Activity: Keep to one stretch of the data below, the lines from the one with "Michael Cohen, former" up to and including the one with "Illustration of a", and return that stretch exactly.

Stored items
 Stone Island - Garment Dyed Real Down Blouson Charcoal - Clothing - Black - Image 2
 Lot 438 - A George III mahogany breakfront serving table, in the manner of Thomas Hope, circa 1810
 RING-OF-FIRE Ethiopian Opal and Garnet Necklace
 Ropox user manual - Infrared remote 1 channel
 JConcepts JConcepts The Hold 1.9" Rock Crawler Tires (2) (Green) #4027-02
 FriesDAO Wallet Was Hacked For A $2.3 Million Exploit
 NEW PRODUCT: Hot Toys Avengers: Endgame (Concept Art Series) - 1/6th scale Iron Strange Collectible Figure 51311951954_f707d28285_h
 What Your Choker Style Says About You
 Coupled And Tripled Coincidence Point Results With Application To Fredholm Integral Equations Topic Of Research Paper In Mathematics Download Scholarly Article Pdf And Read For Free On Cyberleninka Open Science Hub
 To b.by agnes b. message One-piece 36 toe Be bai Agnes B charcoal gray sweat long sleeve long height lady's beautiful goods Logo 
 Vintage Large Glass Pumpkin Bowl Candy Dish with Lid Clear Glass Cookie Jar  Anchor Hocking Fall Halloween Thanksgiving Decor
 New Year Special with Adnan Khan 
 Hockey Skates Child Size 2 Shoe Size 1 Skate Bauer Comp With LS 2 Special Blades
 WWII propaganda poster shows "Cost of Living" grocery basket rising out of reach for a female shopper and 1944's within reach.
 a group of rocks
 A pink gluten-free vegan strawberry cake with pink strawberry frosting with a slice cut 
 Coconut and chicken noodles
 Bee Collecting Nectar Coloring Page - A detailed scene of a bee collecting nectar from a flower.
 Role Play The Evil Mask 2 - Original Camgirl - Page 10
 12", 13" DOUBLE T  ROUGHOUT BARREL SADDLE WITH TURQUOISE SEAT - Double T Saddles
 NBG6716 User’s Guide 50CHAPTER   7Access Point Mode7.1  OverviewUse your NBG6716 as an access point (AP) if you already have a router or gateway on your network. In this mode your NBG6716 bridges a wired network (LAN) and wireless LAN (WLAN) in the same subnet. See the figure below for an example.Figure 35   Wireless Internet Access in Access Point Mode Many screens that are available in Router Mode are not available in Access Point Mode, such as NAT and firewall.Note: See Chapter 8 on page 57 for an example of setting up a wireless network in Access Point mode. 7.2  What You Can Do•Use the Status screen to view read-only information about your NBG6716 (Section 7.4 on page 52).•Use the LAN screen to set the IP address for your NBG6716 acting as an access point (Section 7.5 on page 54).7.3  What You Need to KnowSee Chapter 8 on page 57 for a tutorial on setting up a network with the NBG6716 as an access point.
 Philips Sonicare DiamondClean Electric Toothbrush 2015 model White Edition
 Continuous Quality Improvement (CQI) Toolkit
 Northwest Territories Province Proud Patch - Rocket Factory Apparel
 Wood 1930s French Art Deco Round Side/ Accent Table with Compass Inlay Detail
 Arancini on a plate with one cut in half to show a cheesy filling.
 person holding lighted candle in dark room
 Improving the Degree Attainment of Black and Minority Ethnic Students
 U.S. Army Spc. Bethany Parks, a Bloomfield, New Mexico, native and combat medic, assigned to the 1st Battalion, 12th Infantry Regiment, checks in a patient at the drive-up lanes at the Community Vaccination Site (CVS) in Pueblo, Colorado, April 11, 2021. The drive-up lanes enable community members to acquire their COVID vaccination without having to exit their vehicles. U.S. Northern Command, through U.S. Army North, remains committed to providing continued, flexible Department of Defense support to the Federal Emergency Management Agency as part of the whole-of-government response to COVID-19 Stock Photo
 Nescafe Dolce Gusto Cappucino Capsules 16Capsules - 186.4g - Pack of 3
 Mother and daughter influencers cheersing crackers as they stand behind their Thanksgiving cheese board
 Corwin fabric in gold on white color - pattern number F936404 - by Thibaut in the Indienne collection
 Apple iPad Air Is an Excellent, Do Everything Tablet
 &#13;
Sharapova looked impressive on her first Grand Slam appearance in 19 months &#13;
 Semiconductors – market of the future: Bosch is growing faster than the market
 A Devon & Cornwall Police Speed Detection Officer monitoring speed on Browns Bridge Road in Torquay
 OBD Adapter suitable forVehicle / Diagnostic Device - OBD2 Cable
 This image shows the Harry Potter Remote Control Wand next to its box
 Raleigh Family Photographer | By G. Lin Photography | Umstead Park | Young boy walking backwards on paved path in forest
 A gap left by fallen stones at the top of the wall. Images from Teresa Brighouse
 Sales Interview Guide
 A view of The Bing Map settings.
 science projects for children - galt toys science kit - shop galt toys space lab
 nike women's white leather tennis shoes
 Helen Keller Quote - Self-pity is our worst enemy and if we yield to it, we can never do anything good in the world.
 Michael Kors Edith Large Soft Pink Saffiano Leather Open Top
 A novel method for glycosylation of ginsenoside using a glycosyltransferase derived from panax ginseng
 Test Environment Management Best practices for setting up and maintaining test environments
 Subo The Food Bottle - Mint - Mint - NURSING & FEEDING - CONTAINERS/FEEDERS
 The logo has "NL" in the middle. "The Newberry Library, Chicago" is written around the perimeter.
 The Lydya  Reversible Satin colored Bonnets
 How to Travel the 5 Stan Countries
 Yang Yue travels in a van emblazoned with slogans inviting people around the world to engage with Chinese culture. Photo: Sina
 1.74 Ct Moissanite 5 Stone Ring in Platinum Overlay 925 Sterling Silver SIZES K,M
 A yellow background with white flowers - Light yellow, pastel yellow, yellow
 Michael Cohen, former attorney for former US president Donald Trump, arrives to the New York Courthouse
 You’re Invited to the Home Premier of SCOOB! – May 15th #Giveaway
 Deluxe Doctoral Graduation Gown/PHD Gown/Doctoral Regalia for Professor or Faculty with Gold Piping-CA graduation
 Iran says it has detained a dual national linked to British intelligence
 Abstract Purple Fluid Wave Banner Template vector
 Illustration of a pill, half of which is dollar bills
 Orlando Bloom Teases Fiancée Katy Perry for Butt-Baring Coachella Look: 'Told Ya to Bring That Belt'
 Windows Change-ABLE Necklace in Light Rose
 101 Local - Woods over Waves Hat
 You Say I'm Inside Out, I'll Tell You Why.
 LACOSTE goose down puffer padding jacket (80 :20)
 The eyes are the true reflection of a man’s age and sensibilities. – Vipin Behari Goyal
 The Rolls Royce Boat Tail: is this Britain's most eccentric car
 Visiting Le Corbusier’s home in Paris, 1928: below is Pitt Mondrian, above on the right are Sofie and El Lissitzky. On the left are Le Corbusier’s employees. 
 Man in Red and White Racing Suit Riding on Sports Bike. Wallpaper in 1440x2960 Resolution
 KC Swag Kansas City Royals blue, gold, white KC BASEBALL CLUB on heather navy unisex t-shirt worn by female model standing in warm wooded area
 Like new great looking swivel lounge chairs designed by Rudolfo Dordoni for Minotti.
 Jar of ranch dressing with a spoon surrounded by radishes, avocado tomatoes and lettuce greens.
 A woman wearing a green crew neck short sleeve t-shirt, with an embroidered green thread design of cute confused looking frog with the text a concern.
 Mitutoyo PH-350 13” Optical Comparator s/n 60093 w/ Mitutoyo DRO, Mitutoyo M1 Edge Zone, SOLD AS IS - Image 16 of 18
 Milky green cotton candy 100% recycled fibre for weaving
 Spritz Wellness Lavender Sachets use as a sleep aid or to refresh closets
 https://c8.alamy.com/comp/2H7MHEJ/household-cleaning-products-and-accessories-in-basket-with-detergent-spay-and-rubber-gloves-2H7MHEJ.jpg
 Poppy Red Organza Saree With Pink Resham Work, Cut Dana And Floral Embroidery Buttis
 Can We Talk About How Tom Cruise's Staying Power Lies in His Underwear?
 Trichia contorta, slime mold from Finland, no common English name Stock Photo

Final answer:
 Michael Cohen, former attorney for former US president Donald Trump, arrives to the New York Courthouse
 You’re Invited to the Home Premier of SCOOB! – May 15th #Giveaway
 Deluxe Doctoral Graduation Gown/PHD Gown/Doctoral Regalia for Professor or Faculty with Gold Piping-CA graduation
 Iran says it has detained a dual national linked to British intelligence
 Abstract Purple Fluid Wave Banner Template vector
 Illustration of a pill, half of which is dollar bills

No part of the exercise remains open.